The solubility limit of carbon in ferrite is considerably low; therefore, the difference in the concentrations of interstitial carbon in the bainitic ferrite of the 325°C- and 425°C-austempered specimens seems insignificant. However, bainite in the 325°C-austempered specimen exhibited superior pitting corrosion resistance than bainite in the 425°C-austempered specimen, as shown in Fig. 4(c). The difference between the pitting corrosion resistances of bainite of the 325°C- and 425°C-austempered specimens may be related to the precipitation morphology of the cementite. Because the dissolution resistance of cementite is reportedly higher than that of ferrite, cementite likely acts as a barrier against the propagation of pitting corrosion.10) As shown in Fig. 1, cementite appears to be more finely precipitated in bainite in the 325°C-austempered specimen than in bainite in the 425°C-austempered specimen. The fine precipitation morphology of cementite may contribute to the improvement in pitting corrosion resistance; however, the corresponding details remain unclear and should be explored in future research. In summary, this study determined the order of the pitting corrosion resistance of bainite, as-quenched martensite, and tempered martensite in Fe-0.4C-1.5Si-2Mn steel. The pitting corrosion resistance was determined to vary with the interstitial carbon content and precipitation morphology of the carbides.

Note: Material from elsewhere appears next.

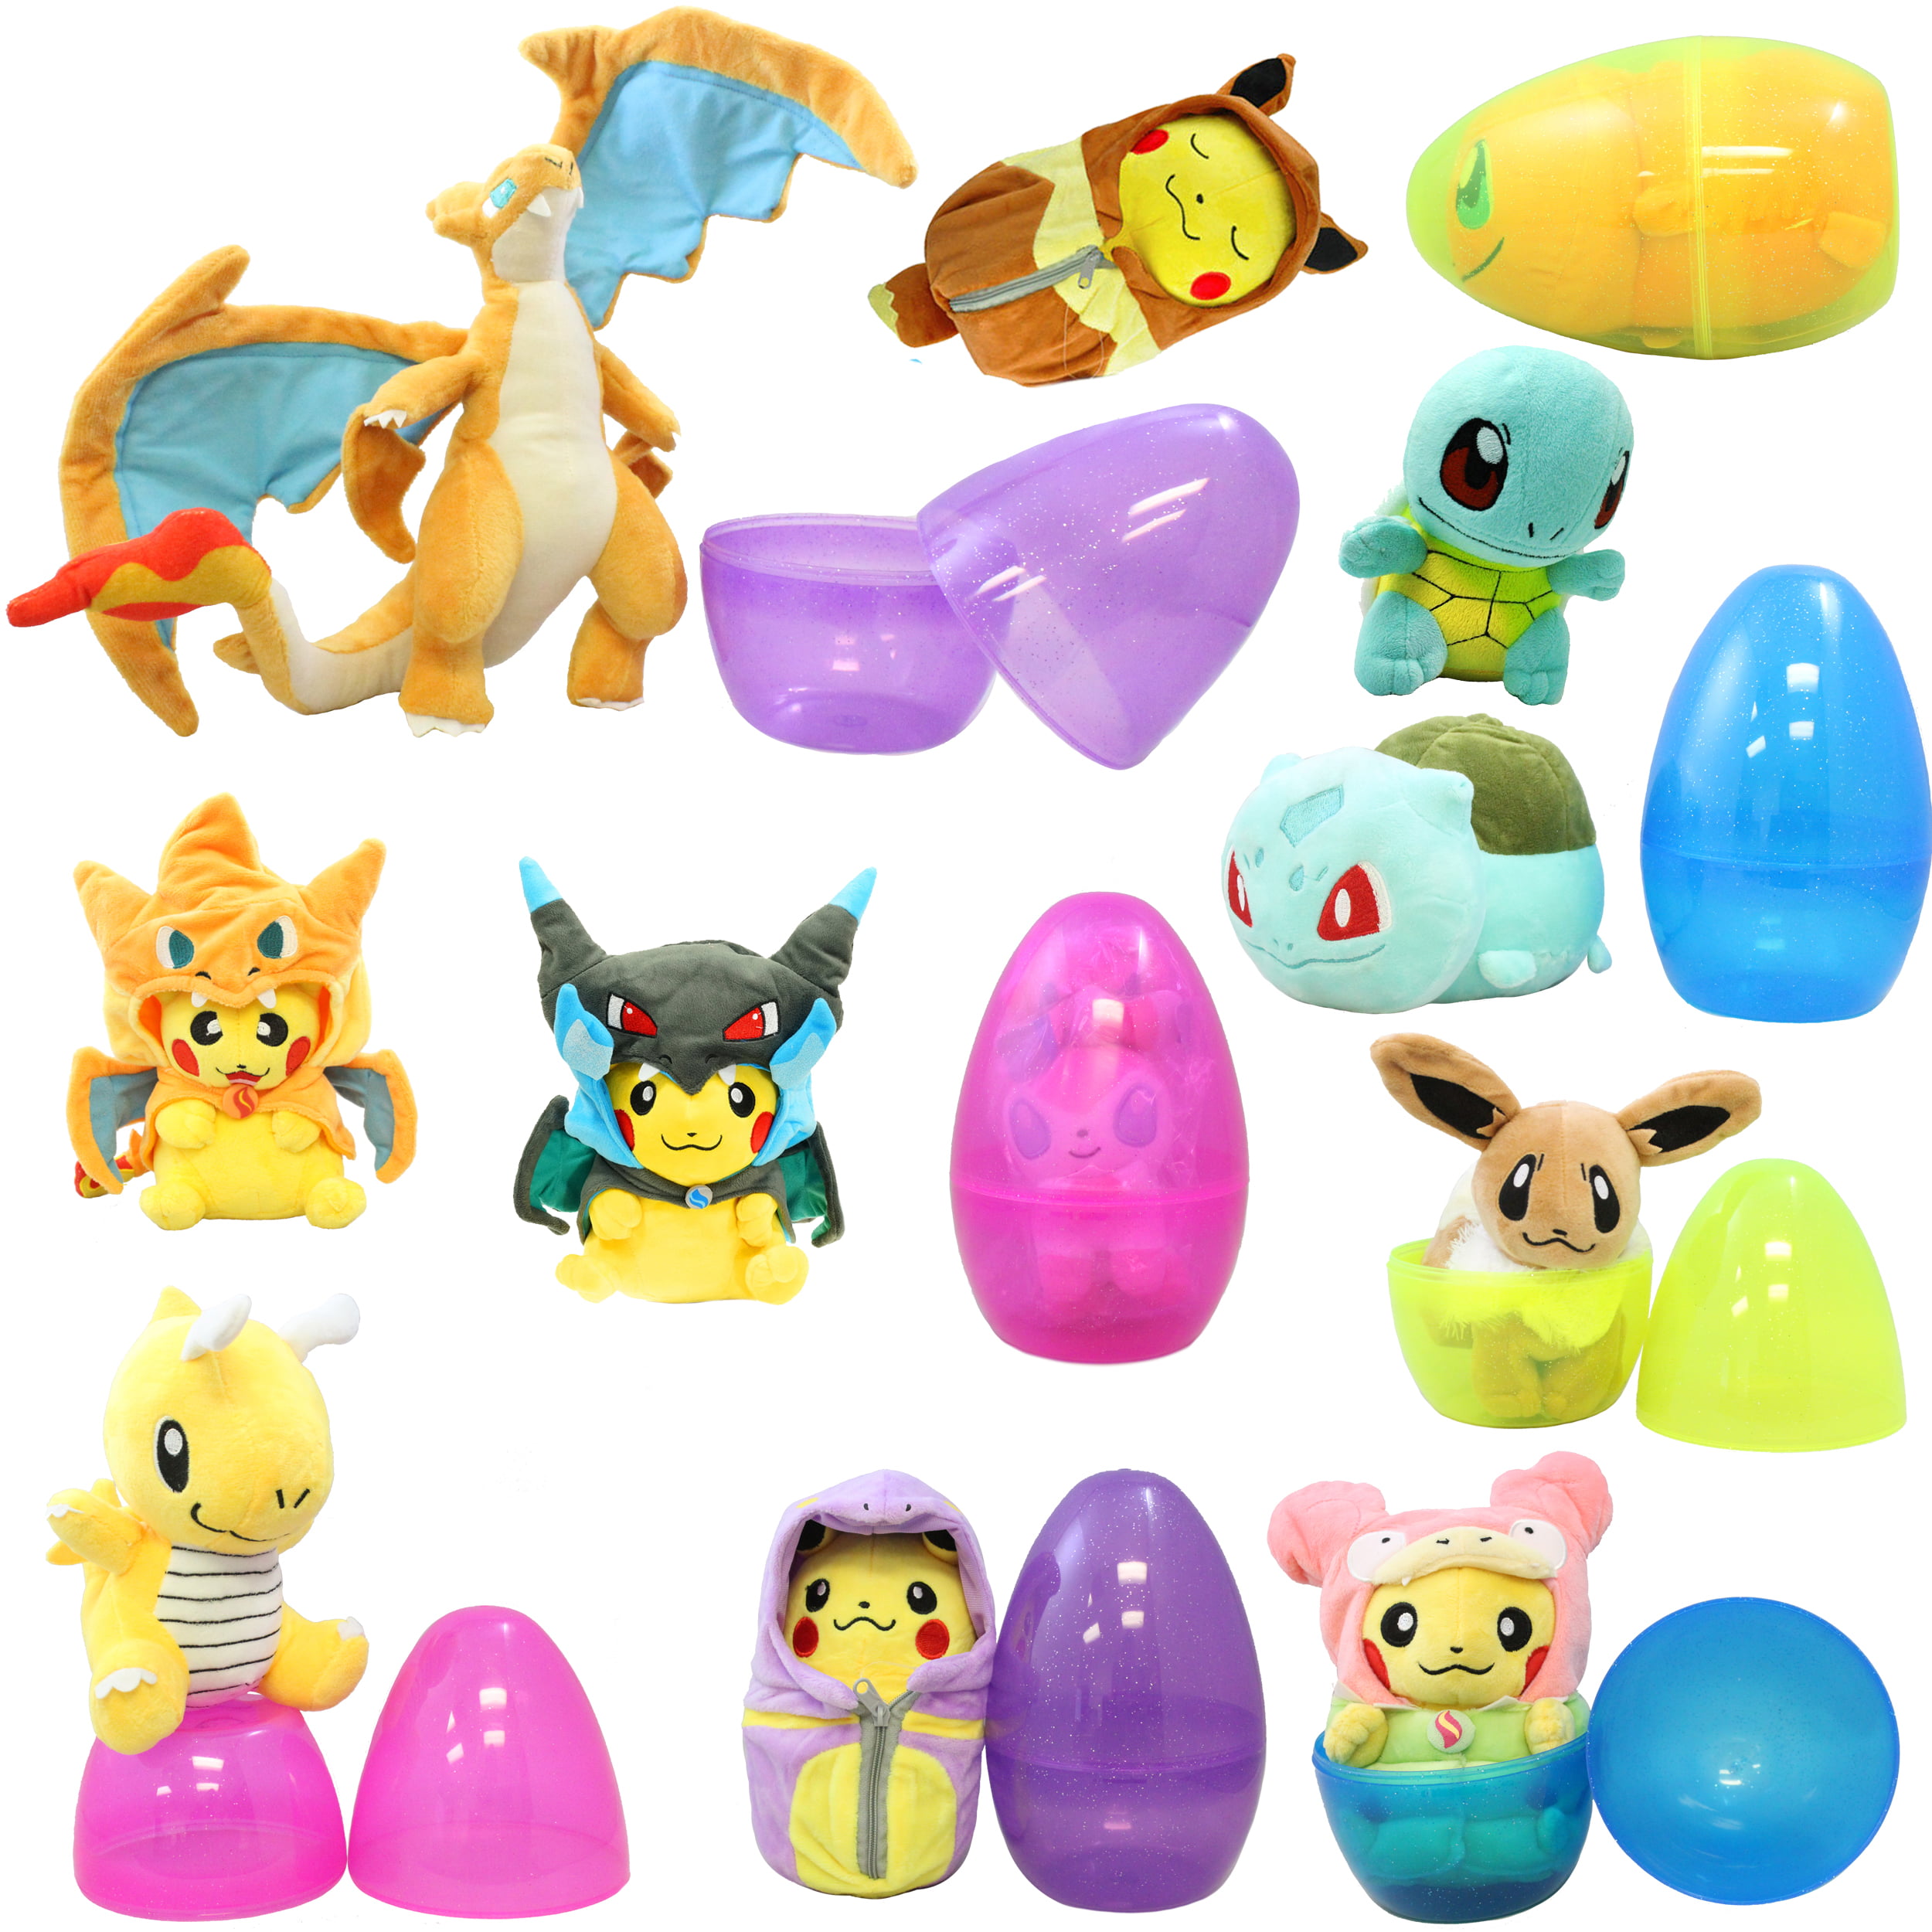 1 Pokemon Plush Toy Inside Giant 8 Inch Egg Wide Assortment Of

Specimens with different microstructures (bainite, as-quenched martensite, and tempered martensite) were fabricated using a Fe-0.4C-1.5Si-2Mn steel sheet to investigate the pitting corrosion resistances of the microstructures. Retained austenite was barely detected in the XRD analysis. The Vickers hardness values of the microstructures were ordered as (high) as-quenched martensite > tempered martensite ≈ bainite in the 325°C-austempered specimen > bainite in the 425°C-austempered specimen (low).
The pitting corrosion resistance of each microstructure was evaluated by potentiodynamic polarization in boric-borate buffer solutions containing NaCl (pH 8.0) under naturally aerated conditions. The pitting corrosion resistances of the microstructures were ordered as (high) as-quenched martensite > bainite in the 325°C-austempered specimen > tempered martensite > bainite in the 425°C-austempered specimen (low).
This study was supported by the 31st ISIJ Research Promotion Grant from the Iron and Steel Institute of Japan. This work was also supported by JSPS KAKENHI Grant Number JP21K14430.